Citation Numbers: 145 Misc. 2d 590
Judges: Mark
Filed Date: 11/1/1989
Status: Precedential
Modified Date: 2/5/2022
OPINION OF THE COURT
The defendant was charged with committing the crimes of grand larceny in the fourth degree and prostitution as the result of an incident in which he agreed to engage in sex with an undercover police officer for a fee and then stole United States currency from that officer. During the trial of this action the novel evidentiary issue arose as to whether the defendant’s confession, which was mostly inculpatory, but
At the time of his arrest the defendant gave the police a written statement, which was found to be valid after a pretrial hearing. Fortuitously for the defendant, the confession admitted all the elements of the crime of prostitution, a class B misdemeanor, but disclaimed any involvement in the crime of grand larceny in the fourth degree, a class E felony. In fact, the two-page statement virtually paralleled the People’s proof at trial, except that it contained the assertion "I asked him for a couple of dollars. He handed me some dollar bills”. There was no claim by the prosecutor that the defendant was so legally sophisticated that this phraseology was a deliberate attempt to avoid incrimination on the felony.
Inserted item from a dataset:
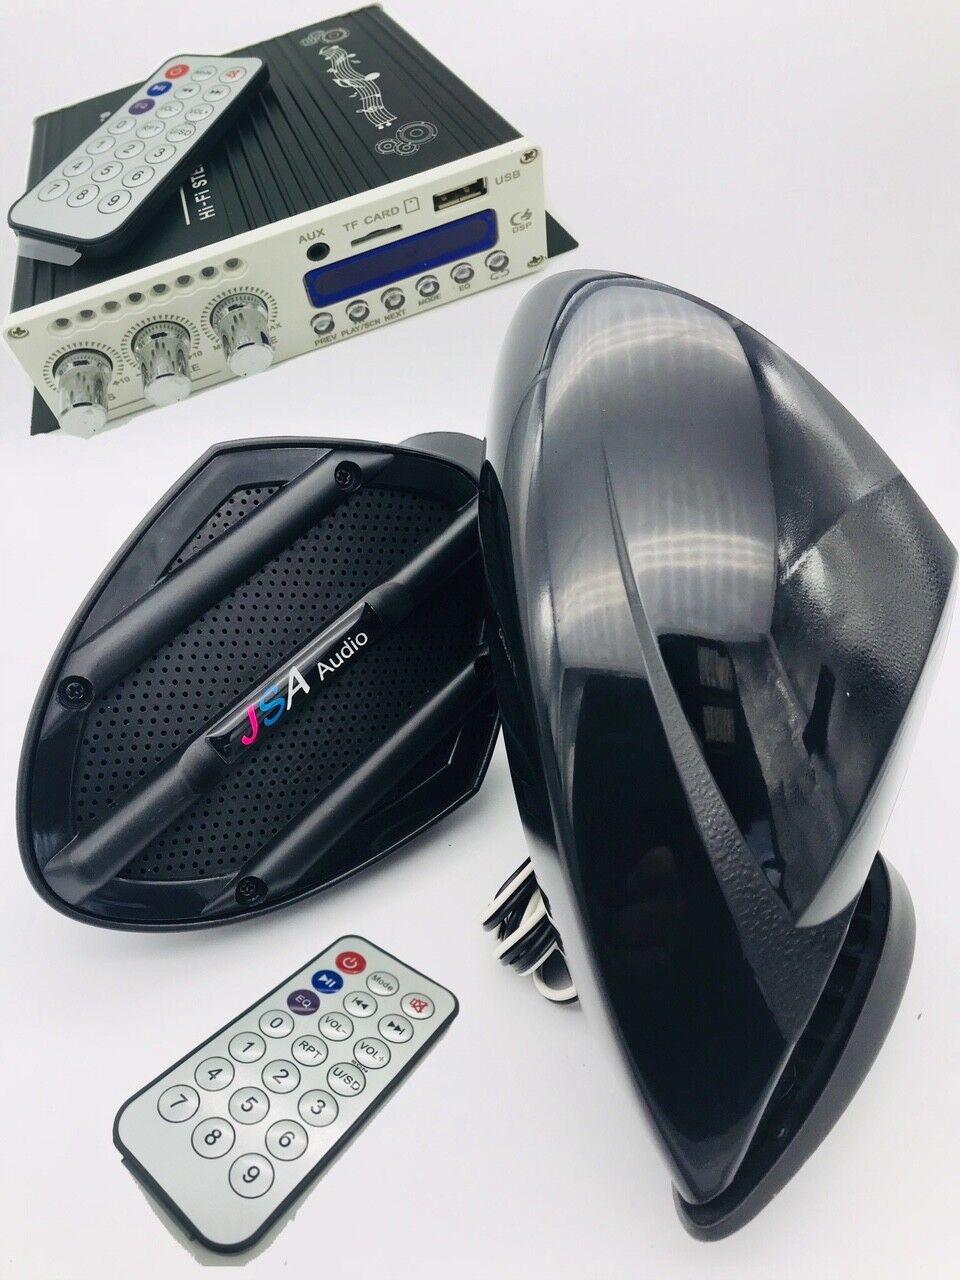 JETSKI 2 SPEAKER KIT STEREO AMP blueETOOTH SYSTEM UNIVERSAL RXT GTS SEADOO DIY

Apparently because the statement of the defendant only admitted the lesser crime, the prosecutor decided not to offer the writing into evidence. Upon the cross-examination of the police sergeant who interrogated the defendant, the defense counsel sought to elicit the defendant’s conversation with the officer. The defense strategy was obviously to present the denial of the more serious crime without the defendant testifying to the same. This evoked an objection from the prosecutor to the effect that the defendant’s confession, if introduced by him, would constitute inadmissible hearsay. After some deliberation the court ruled against the People.
Because of the novelty of this question, the reasons for such ruling are expressed herein.
Generally, all relevant evidence is admissible, unless to admit the evidence would violate some exclusionary rule (Richardson, Evidence §§ 5, 146 [Prince 10th ed]; People v Emick, 103 AD2d 643). The prohibition against hearsay is an exclusionary rule (Richardson, op. cit., §§200, 201; People v Settles, 46 NY2d 154). A confession is a direct acknowledgment of guilt made by a defendant in a criminal prosecution (Richardson, op. cit., § 540; People v Kingston, 8 NY2d 384), and it constitutes an exception to the hearsay rule (Richardson, op. cit., § 540; People v Caraballo, 135 Misc 2d 536).
However, a totally exculpatory statement denying guilt cannot be a confession (People v Kingston, supra), and is, instead, inadmissible hearsay (People v Cuevas, 138 AD2d 620;
Support for this pronouncement may be found by comparing a confession as an exception to the hearsay rule to a declaration against penal interest which is also an exception to the hearsay rule.
A declaration against penal interest is in the nature of a confession (see, People v Brensic, 70 NY2d 9 [a custodial confession of a nontestifying accomplice may be admitted as a declaration against penal interest against a defendant]), and in this analogous situation either side is allowed to proffer such evidence.
In People v Maerling (supra) witnesses were prepared to testify that an unavailable witness had stated to them that the defendant had admitted to her that he had shot the victim.
This example should demonstrate that neither side has a monoply on admissible evidence.
Any doubt as to the soundness of this theory is dispelled by People v Sostre (70 AD2d 40, affd 51 NY2d 958). There, the defendant’s attempt to rob the complainant was aborted when the complainant shot the defendant. Approximately five minutes later when a police officer arrived the defendant hollered that the complainant had “shot him for nothing”. Following a pretrial hearing the court ruled that the statement was voluntary and could be introduced into evidence by the prosecutor. However, the prosecution chose not to use the statement and moved successfully before the trial began to preclude it as hearsay.
Accordingly, the fact that the defense, rather than the prosecution, introduced the inculpatory/exculpatory statement of the defendant into evidence during the trial is without significance, since it was otherwise admissible.
. This issue is probably novel because in most instances the prosecutor would have introduced such a confession into evidence.
. This statement of the unavailable witness was admitted as a declaration against penal interest because he had admitted that he had used the gun to perpetrate a robbery.
. See also People v Reynoso (73 NY2d 816) and People v Sostre (51 NY2d 958) which cases held that exculpatory statements under the circumstances were not admissible as "state of mind” or "excited utterance” exceptions to the hearsay rule, respectively.
. There is a suggestion in two early cases that the exculpatory part of the statement may be excluded if incredible (People ex rel. Perkins v Moss, 187 NY 410; People v Miller, 247 App Div 489).
. This assumes that the criteria enunciated in People v Thomas (68 NY2d 194) and cases cited therein, have been satisfied.
. This statement of the unavailable witness was ruled not to be a declaration against her penal interest because there was no admission that she was involved in the crime for which the defendant was charged.
. This is exactly the situation in this case except that the ruling as to admissibility was adverse to the People.